And our holiday gift to you for five years running, here is the brand new video of favorite images of graffiti and Street Art by Brooklyn Street Art’s editor of photography, Jaime Rojo.

Of a few thousand these 129 shots fly smoothly by as a visual survey; a cross section of graffiti, street art, and the resurgence of mural art that continues to take hold. As usual, all manner of art-making is on display as you wander your city’s streets. Also as usual, we prefer the autonomous free-range unsolicited, unsanctioned type of Street Art because that’s what got us hooked as artists, and ultimately, it is the only truly uncensored stuff that has a free spirit and can hold a mirror up to us. But you have to hand it to the muralists – whether “permissioned” or outright commissioned, some people are challenging themselves creatively and still taking risks.

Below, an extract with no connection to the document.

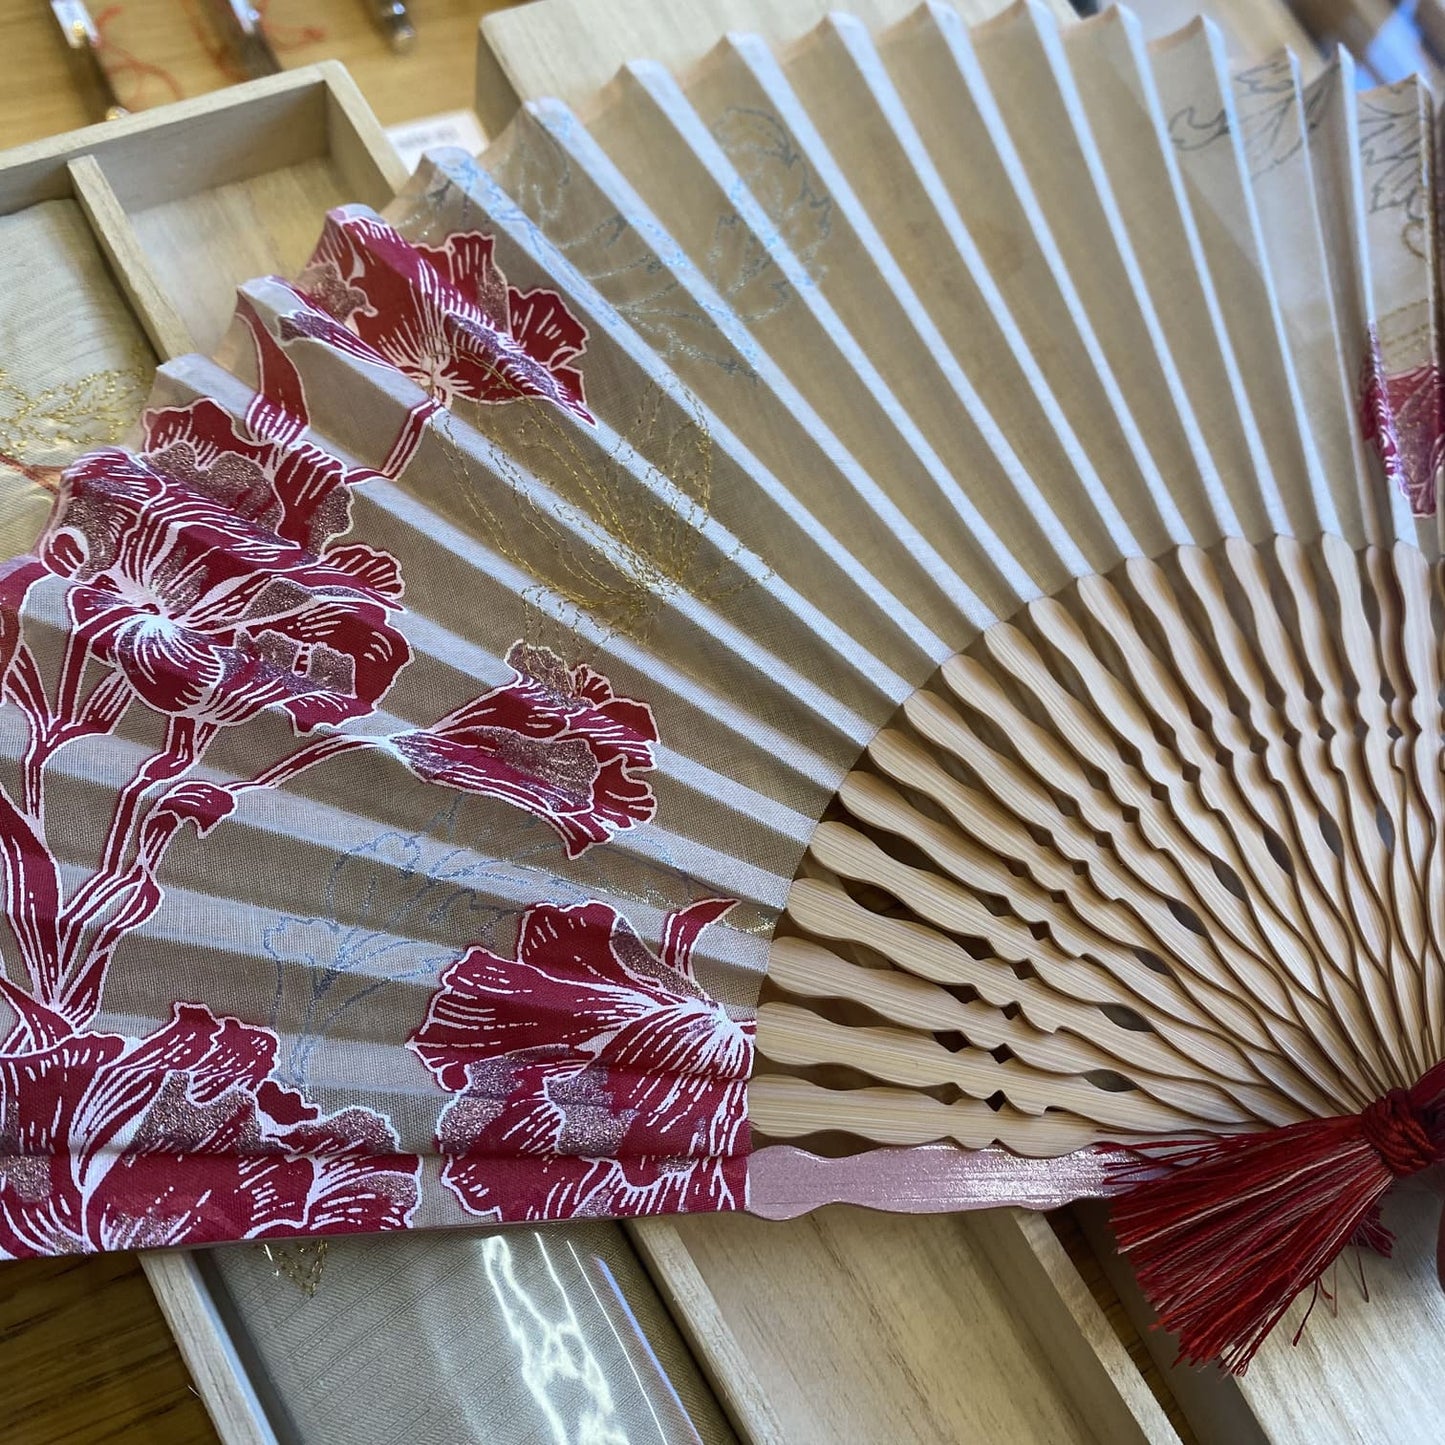 Folding hand fan made in Kyoto

Once again these artists gave us impetus to continue doing what we are doing and above all made us love this city even more and the art and the artists who produce it. We hope you dig it too.

 

Brooklyn Street Art 2014 Images of the Year by Jaime Rojo includes the following artists;

2Face, Aakash Nihalani, Adam Fujita, Adnate, Amanda Marie, Andreco, Anthony Lister, Arnaud Montagard, Art is Trash, Ben Eine, Bikismo, Blek Le Rat, Bly, Cake, Caratoes, Case Maclaim, Chris Stain, Cleon Peterson, Clet, Clint Mario, Col Wallnuts, Conor Harrington, Cost, Crummy Gummy, Dain, Dal East, Damien Mitchell, Damon, Dan Witz, Dasic, Don’t Fret, Dot Dot Dot, Eelco Virus, EKG, El Sol 25, Elbow Toe, Etam Cru, Ewok, Faring Purth, Gilf!, Hama Woods, Hellbent, Hiss, Hitnes, HOTTEA, Icy & Sot, Jana & JS, Jason Coatney, Jef Aerosol, Jilly Ballistic, Joe Iurato, JR, Judith Supine, Kaff Eine, Kashink, Krakenkhan, Kuma, Li Hill, LMNOPI, London Kaye, Mais Menos, Mark Samsonovich, Martha Cooper, Maya Hayuk, Miss Me, Mover, Mr. Prvrt, Mr. Toll, Myth, Nenao, Nick Walker, Olek, Paper Skaters, Patty Smith, Pixel Pancho, Poster Boy, Pyramid Oracle, QRST, Rubin 415, Sampsa, Sean 9 Lugo, Sebs, Sego, Seher One, Sexer, Skewville, SmitheOne, Sober, Sonni, Specter, SpY, Square, Stay Fly, Stik, Stikki Peaches, Stikman, Swil, Swoon, Texas, Tilt, Tracy168, Trashbird, Vexta, Vinz, Willow, Wolfe Works, Wolftits, X-O, Zed1.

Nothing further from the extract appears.